The two standard reduction half-reactions given are:
$$\text{(i)}\; Fe(OH)_2(s)+2e^- \rightarrow Fe(s)+2OH^- (aq),\; E^0 = -0.88\; \text{V}$$
$$\text{(ii)}\; AgBr(s)+e^- \rightarrow Ag(s)+Br^- (aq),\; E^0 = +0.07\; \text{V}$$

Step 1 : Identify the cathode and the anode.
The half-cell with the more positive $$E^0$$ is reduced; the other is forced to run in the opposite (oxidation) direction.
$$E^0_{AgBr/Ag} = +0.07\; \text{V} \gt E^0_{Fe(OH)_2/Fe} = -0.88\; \text{V}$$
Therefore:
• Cathode (reduction): $$AgBr(s)+e^- \rightarrow Ag(s)+Br^- (aq)$$
• Anode (oxidation): reverse of (i) ⇒ $$Fe(s)+2OH^- (aq) \rightarrow Fe(OH)_2(s)+2e^-$$

Step 2 : Balance the electrons.
The cathode process involves 1 e⁻, the anode 2 e⁻. Multiply the cathode equation by 2:

$$\begin{aligned} \text{Cathode: } & 2AgBr(s)+2e^- \rightarrow 2Ag(s)+2Br^- (aq) \\ \text{Anode: } & Fe(s)+2OH^- (aq) \rightarrow Fe(OH)_2(s)+2e^- \end{aligned}$$

Adding the two gives the overall cell reaction:

$$Fe(s)+2OH^- (aq)+2AgBr(s) \rightarrow Fe(OH)_2(s)+2Ag(s)+2Br^- (aq)$$

This is exactly the statement in Option A, so Option A is correct.

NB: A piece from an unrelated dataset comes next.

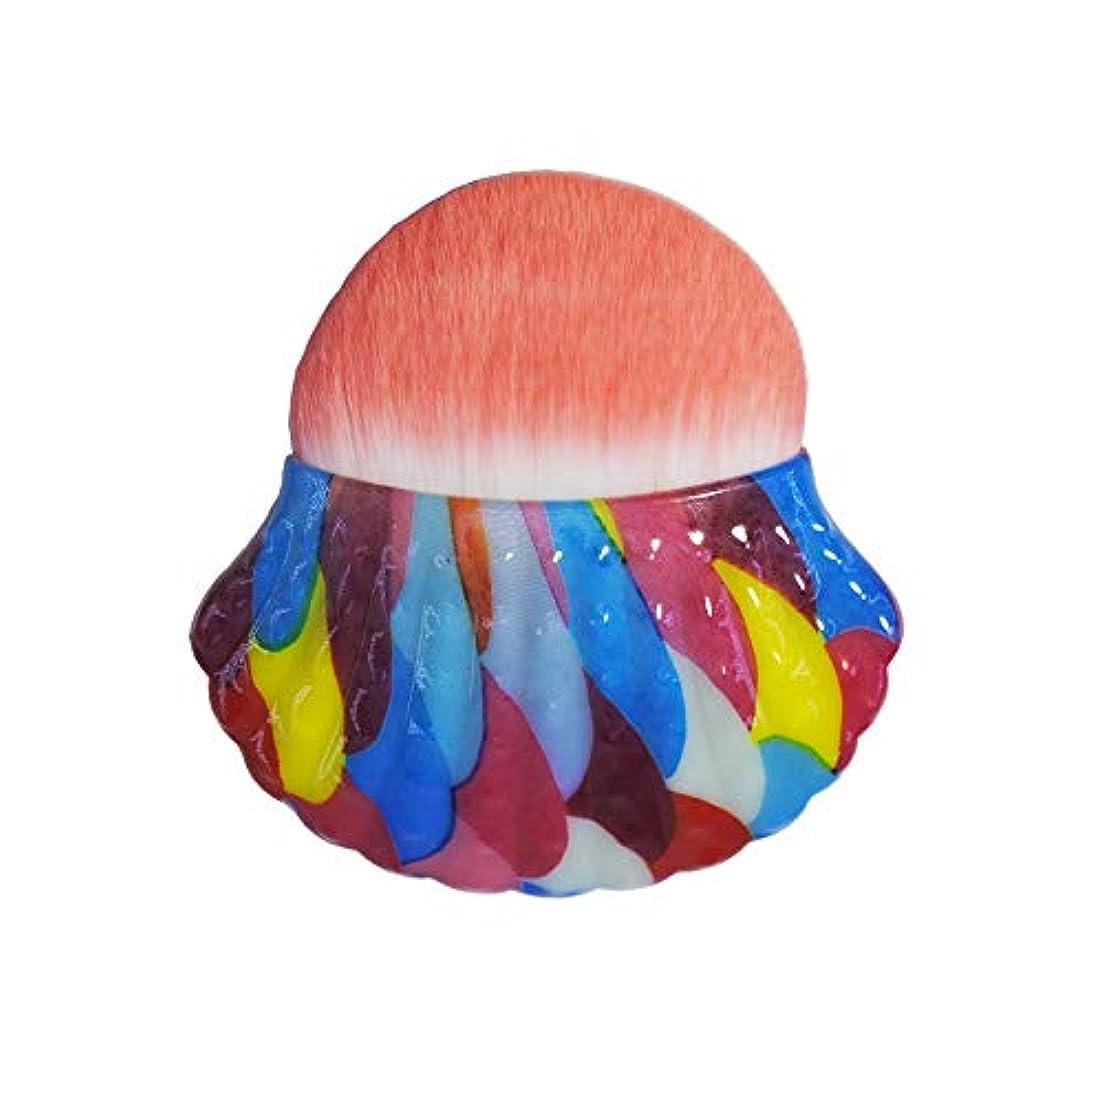 更新する立証するシエスタMakeup brushes 色、独占シェルタイプブラッシュブラシ美容メイクブラシツールポータブル多機能メイクブラシ suits (Color : Rainbow)

Step 3 : Calculate the standard cell potential $$E^0_{cell}$$.
Formula: $$E^0_{cell}=E^0_{\text{cathode (reduction)}}-E^0_{\text{anode (reduction form)}}$$
$$E^0_{cell}=0.07\; \text{V}-(-0.88\; \text{V})=+0.95\; \text{V}$$
Hence $$E^0_{cell}=+0.95\; \text{V}$$ (not −0.95 V), so Option B is wrong.

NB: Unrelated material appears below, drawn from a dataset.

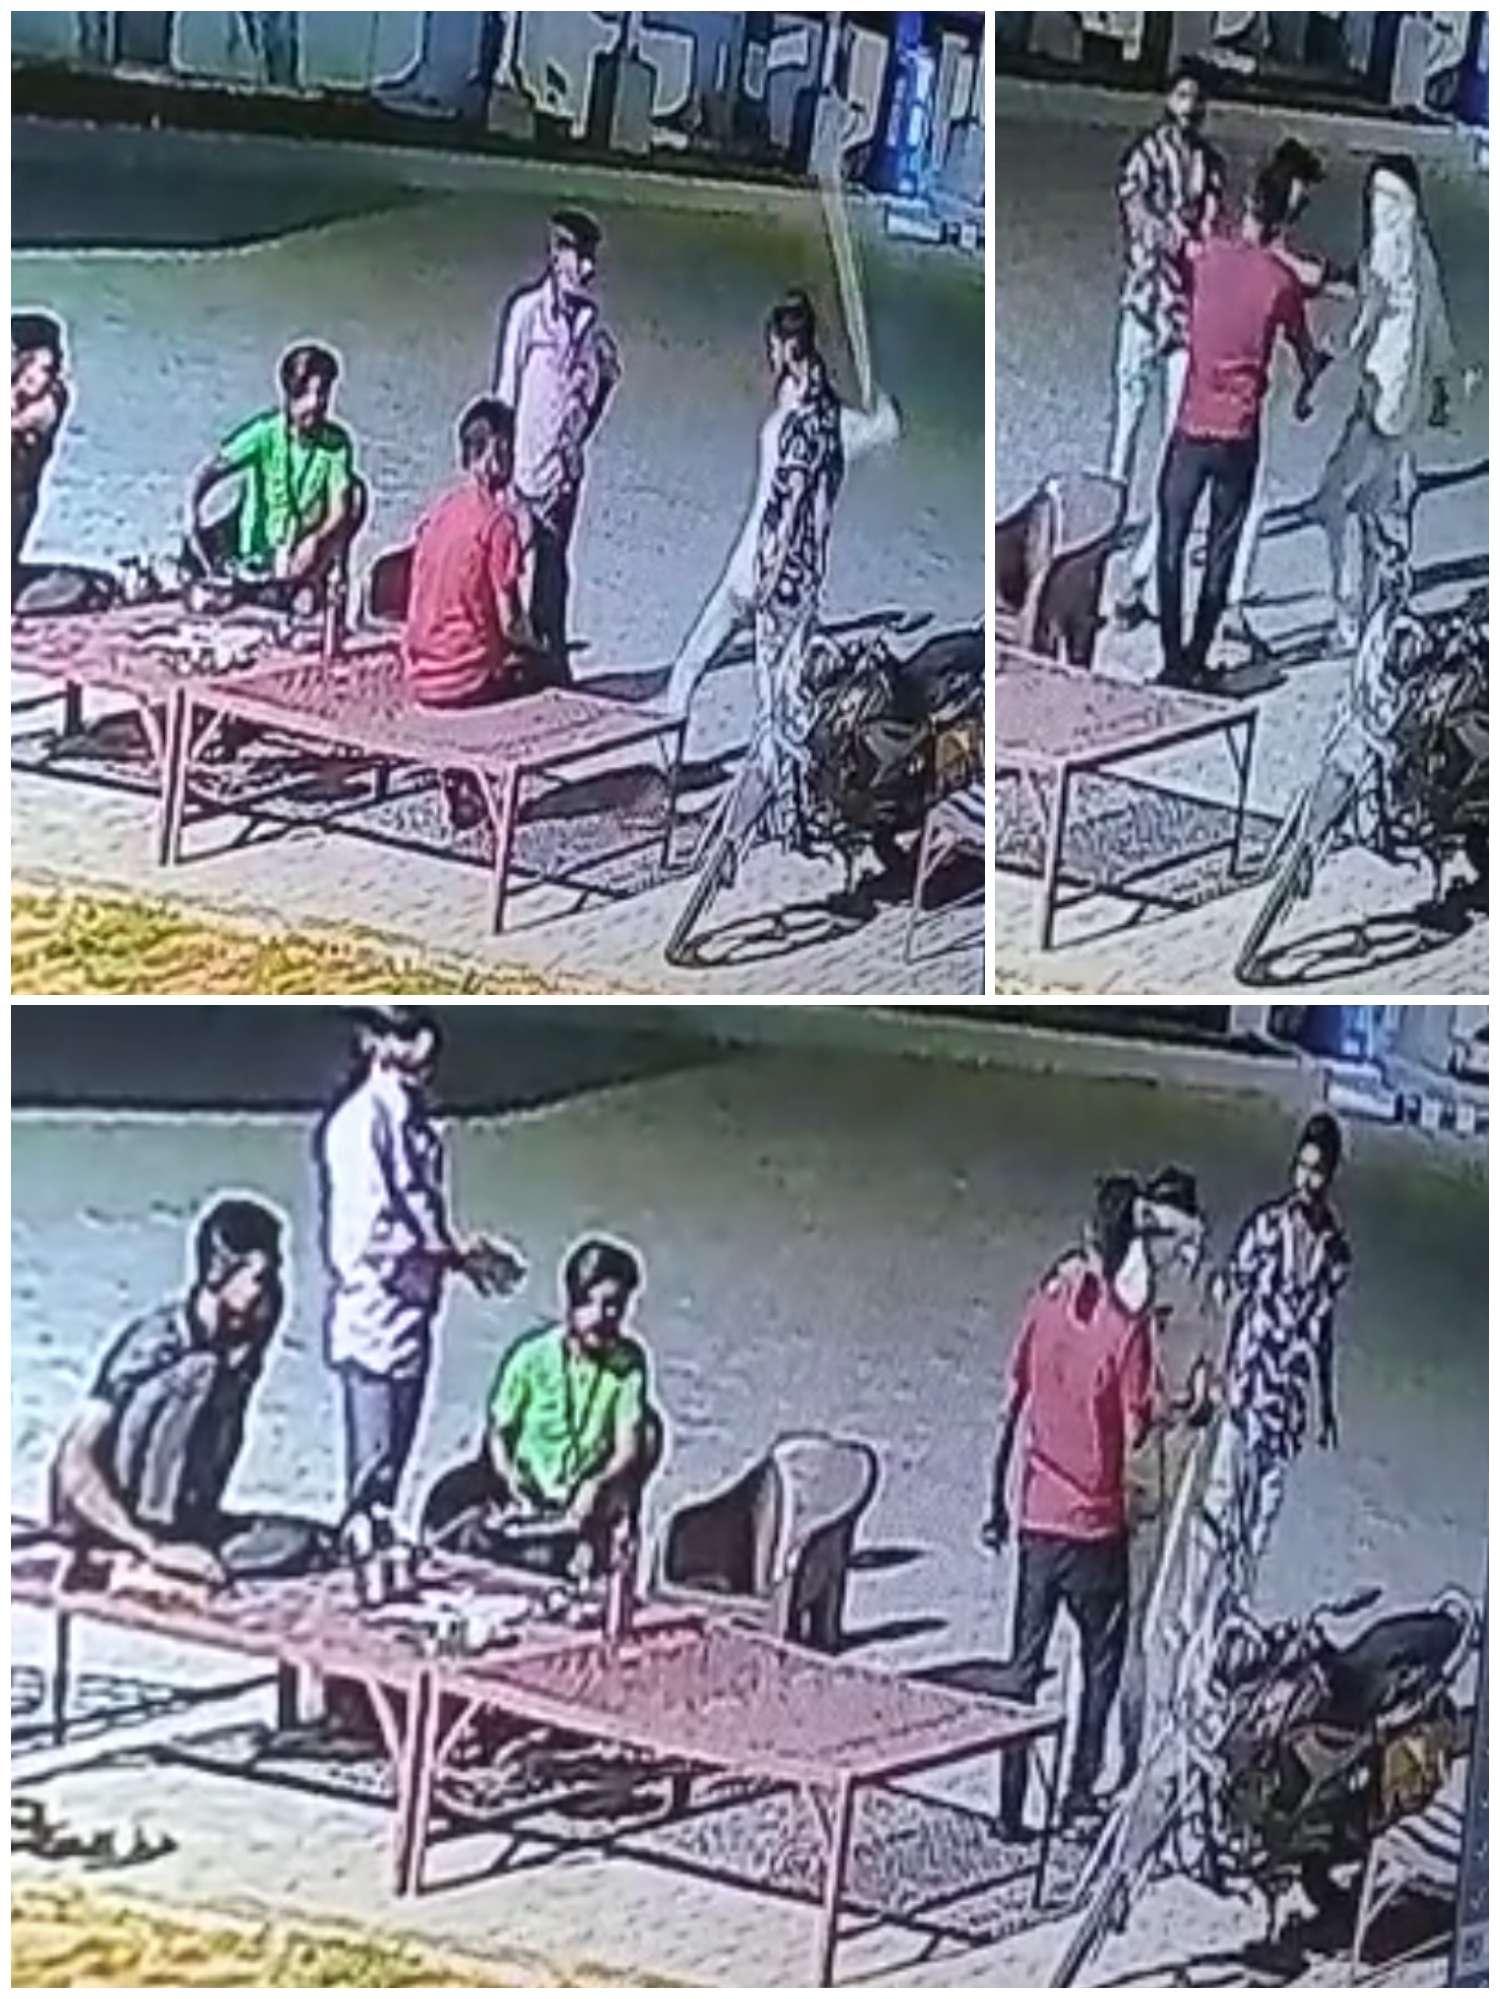 VIDEO रेड अलर्ट जन अनुशासन पखवाड़े के पहले ही दिन पेट्रोल पंप पर लूट की कोशिश, मशीनें तोड़ी, कर्मचारियों पर किया हमला

Step 4 : Examine the role of iron.
In the cell, $$Fe(s)$$ loses electrons to form $$Fe(OH)_2(s)$$, so iron is oxidised, not reduced. Option C is wrong.

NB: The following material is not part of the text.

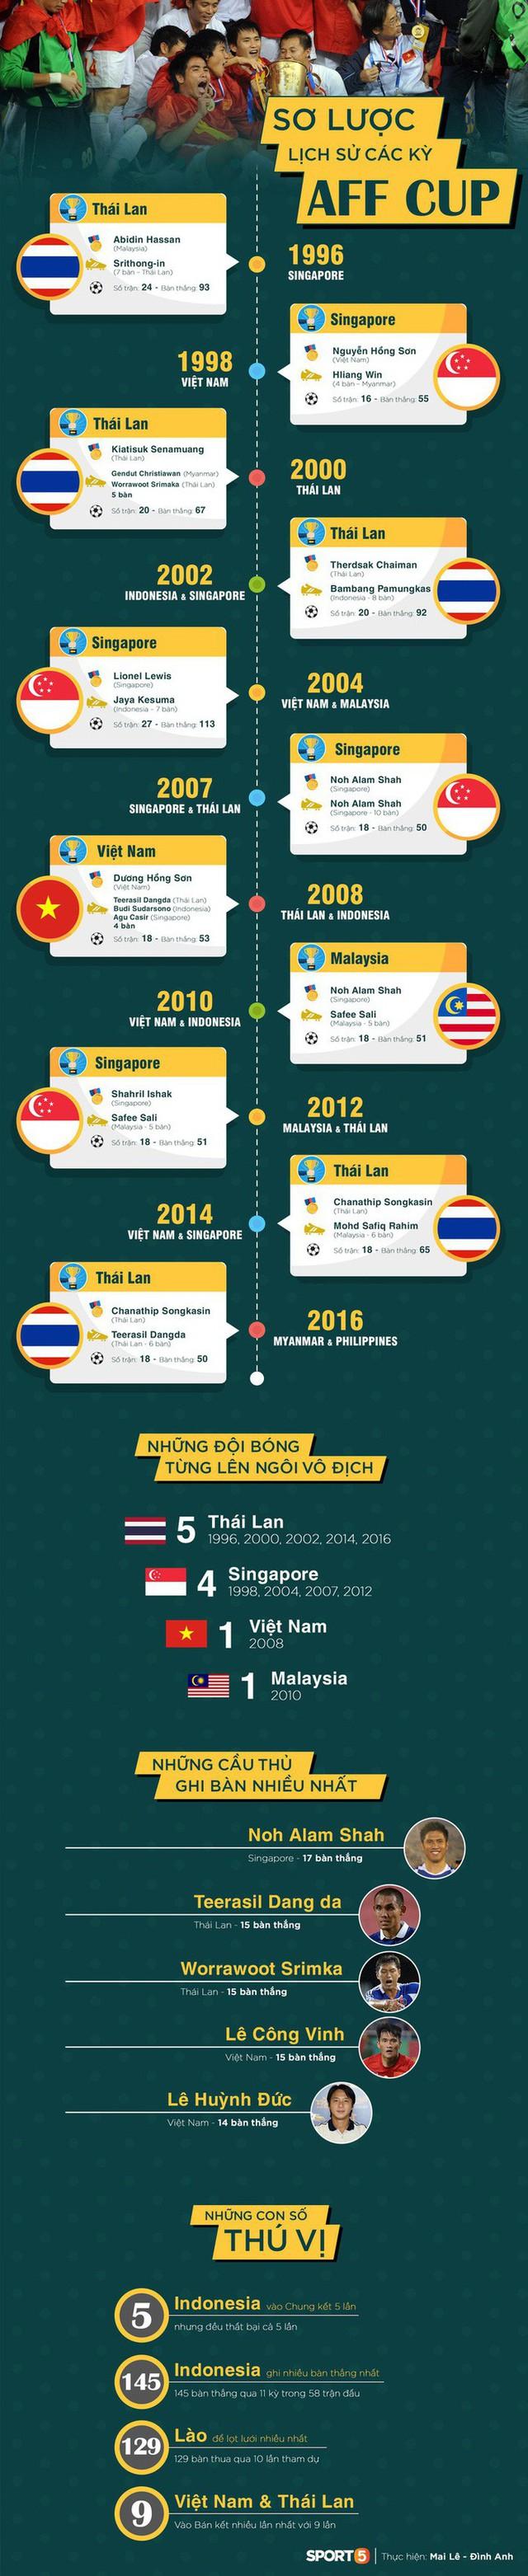 Infographic: Nhìn lại lịch sử hơn 20 năm của giải đấu cao nhất khu vực Đông Nam Á - Ảnh 1.

Step 5 : Nature of $$E^0_{cell}$$.
A potential difference does not depend on the amount of substance; it is an intensive property, not extensive. Therefore Option D is wrong.

Final conclusion: Only Option A is correct: Fe(s)+2OH$$^-$$ (aq)+2AgBr(s) ⇌ Fe(OH)$$_2$$(s)+2Ag(s)+2Br$$^-$$ (aq).